Just as the discrete frames of a movie create moving pictures, the samples of a digital audio recording create time-varying music; there is little conceptual difference between the visual and aural systems. In a digital audio system, we must smooth out the bumps in the incoming signal; specifically, it is low-pass filtered at 20 kHz.

When this above-audibility filtering is accomplished, we can successfully sample the signal such that there is no loss of information between the sampled signal at the output and the smoothed signal at the input. It is not an approximation; it is exact. When the input is smoothed, we can compute all the intervening values without error and thus re-create the original waveform smoothed at the outer limit of audibility. And fortunately, the sampling rate required to achieve this is well within our technology. The Nyquist sampling theorem shows that we must sample at a rate twice the highest throughput frequency to achieve loss less reproduction. Thus, for an input signal extending from 0 Hz to 20 kHz, we must sample at twice the highest frequency, or 40 kHz. And that is essentially what manufacturers have adopted, with a guard-band to make life easier on their hardware engineers; they need a little leeway because the analog filters used cannot cut off as suddenly as the sampling theorem would like. Thus, a few thousand hertz are allowed for the filter to sufficiently attenuate the signal. An alternative approach to these so-called brick-wall filters is the oversampling technique, in which the sampling rate is effectively extended to permit less drastic filtering. Regardless of the hardware design, the Nyquist theorem must be observed, and sampling must occur at least at twice the highest signal frequency. Compact Disc players, for example, sample at 44.1 kHz. Thus, 44,100 times a second, a CD player outputs a value. With stereo, that's 88,200 times per second. And over the course of an hour, that's about 3.2 million samples. For a Compact Disc costing $15, this means you're paying about 0.00050 per sample-almost free. At any rate, the point is clear: A smoothed signal may be sampled, stored in discrete values, de-sampled, and reproduced without any loss.

Of course, this discussion doesn't close the book on sampling. Later, we will discuss exactly why we have to have a low-pass filter at the input of a digital music system (and at the output, too), what happens if we don't, and why some digital systems choose sampling methods which require rates in the megahertz range. And time sampling is only half the battle; a digital system must also be able to determine the actual numerical values it will use at sample time to represent the original waveform's amplitude; we'll byte into that question next month.

Oh, I almost forgot! I mentioned that time seems to be continuous. However, some physicists have recently suggested that, like energy and matter, time also might come in discrete packets.
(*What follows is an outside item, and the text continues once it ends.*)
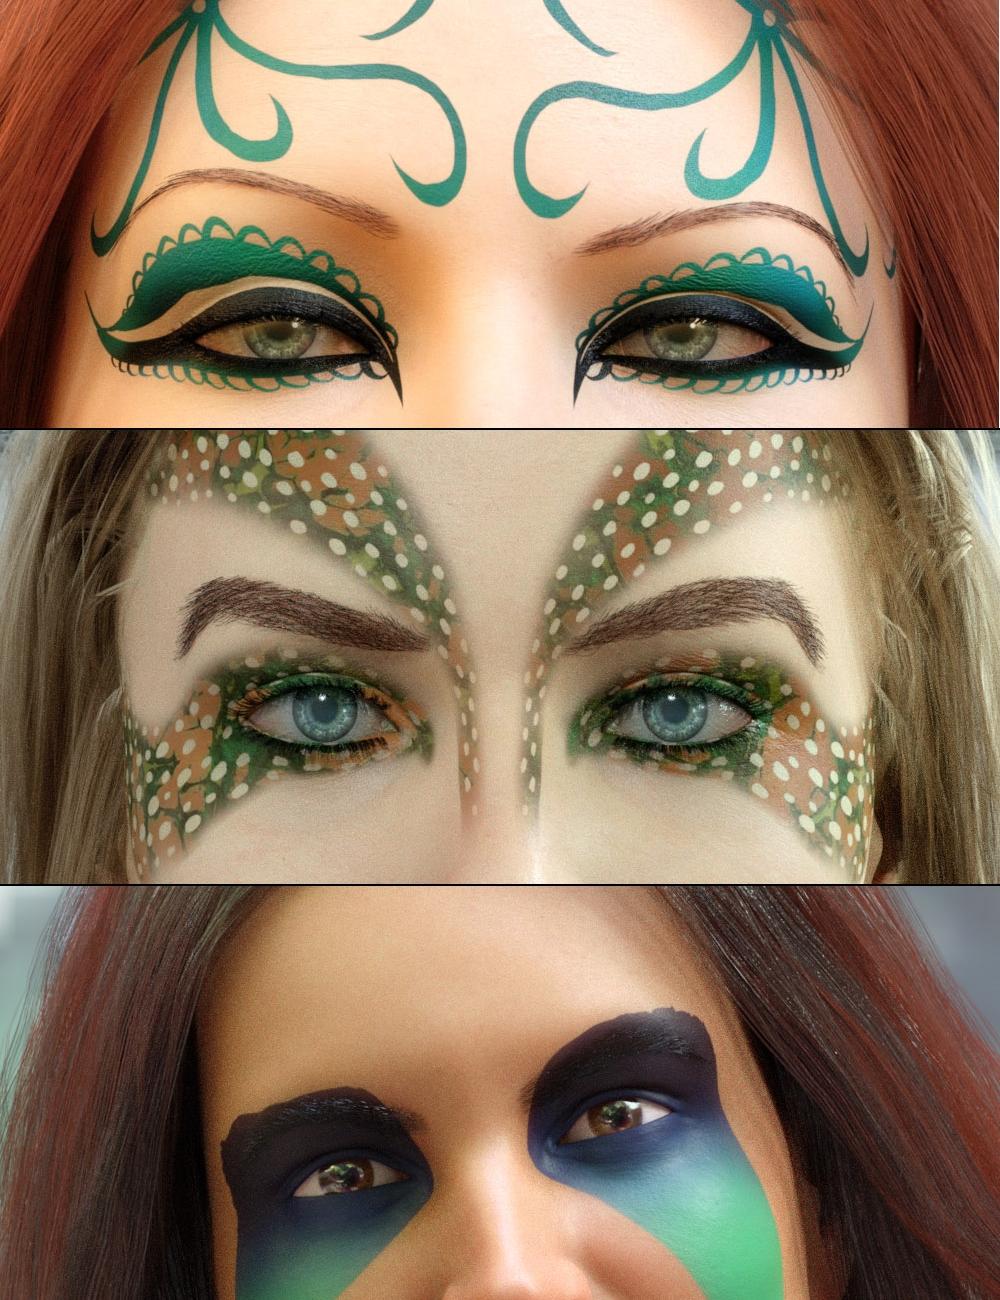 Ultimate Make-Up Fantasy Sets Bundle by: PhilW, 3D Models by Daz 3D
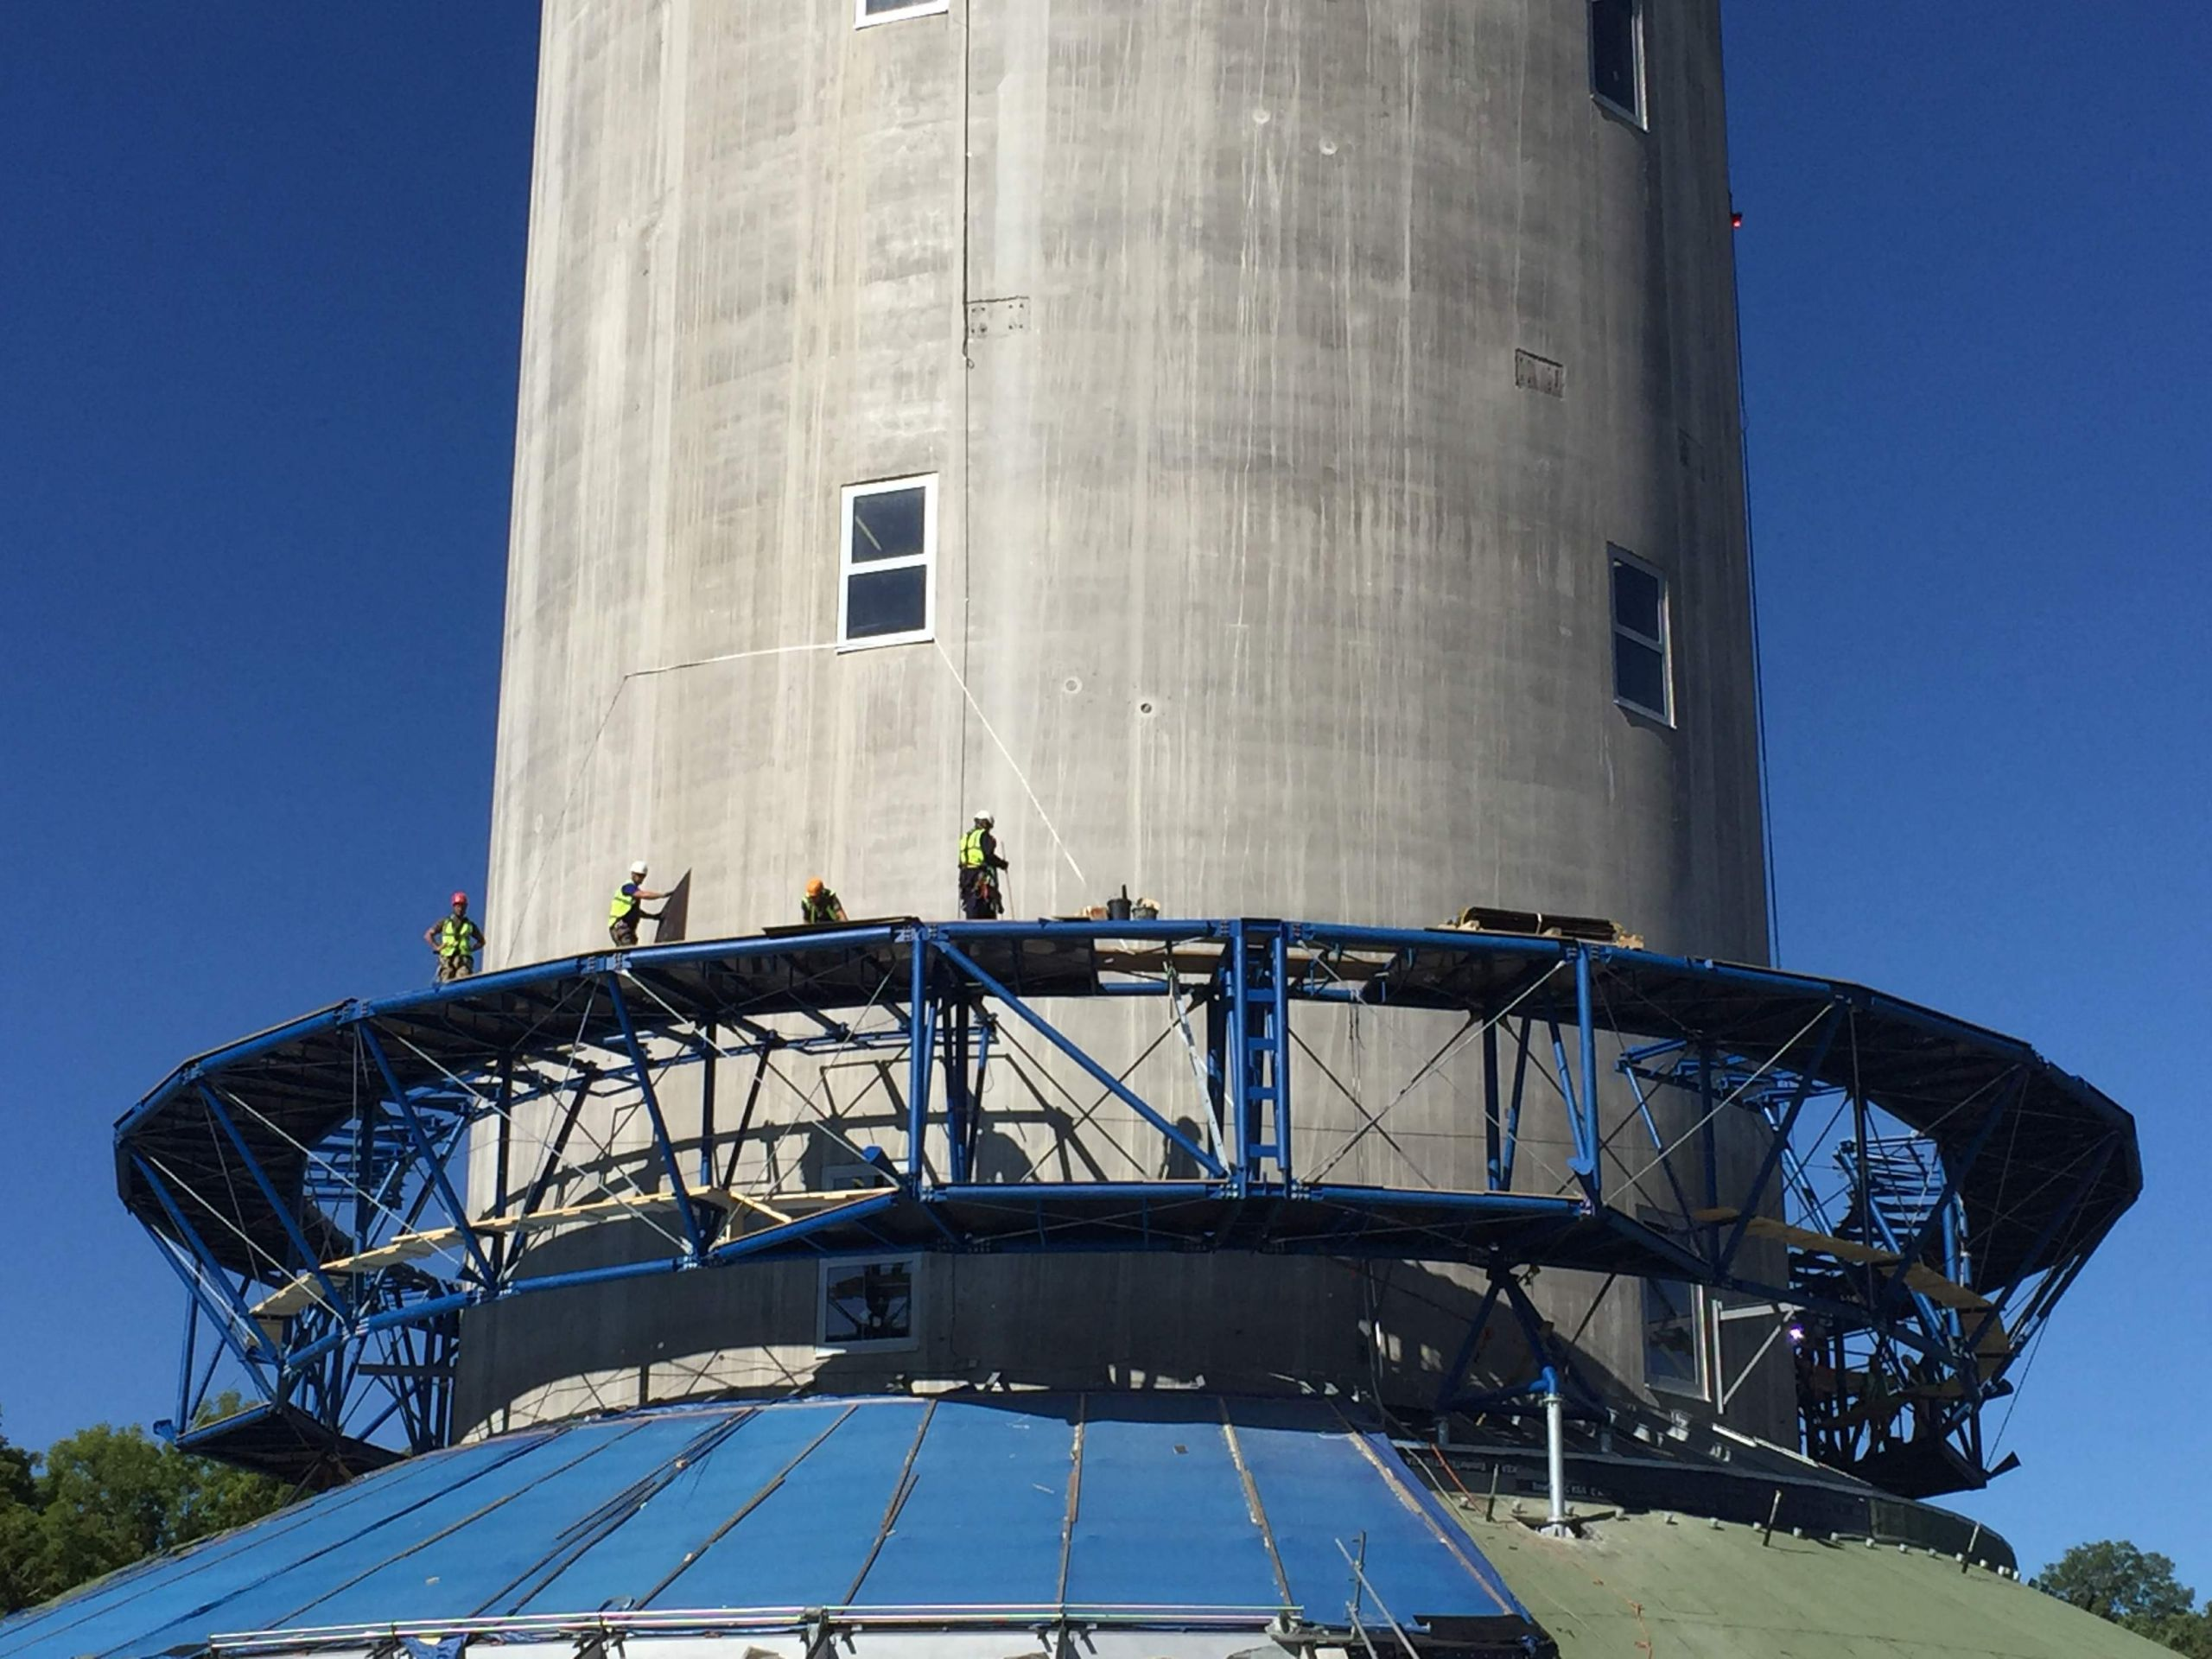 Mobile Platform test tower c thyssenkrupp JPG

Just as this magazine consists of a finite number of atoms, ;he time it takes you to read the magazine might consist of a finite number of time particles called "Nows." Specifically, the indivisible period of time might be 1 x 10^-42 seconds (that's a 1 preceded by 41 zeros and a decimal point). The theory is that no time interval can be shorter than this, because the energy required to make the division would be so great that a black hole would be created and the event would be swallowed up. If any of you out there are experimenting in your basements with very fast sampling rates, please be careful.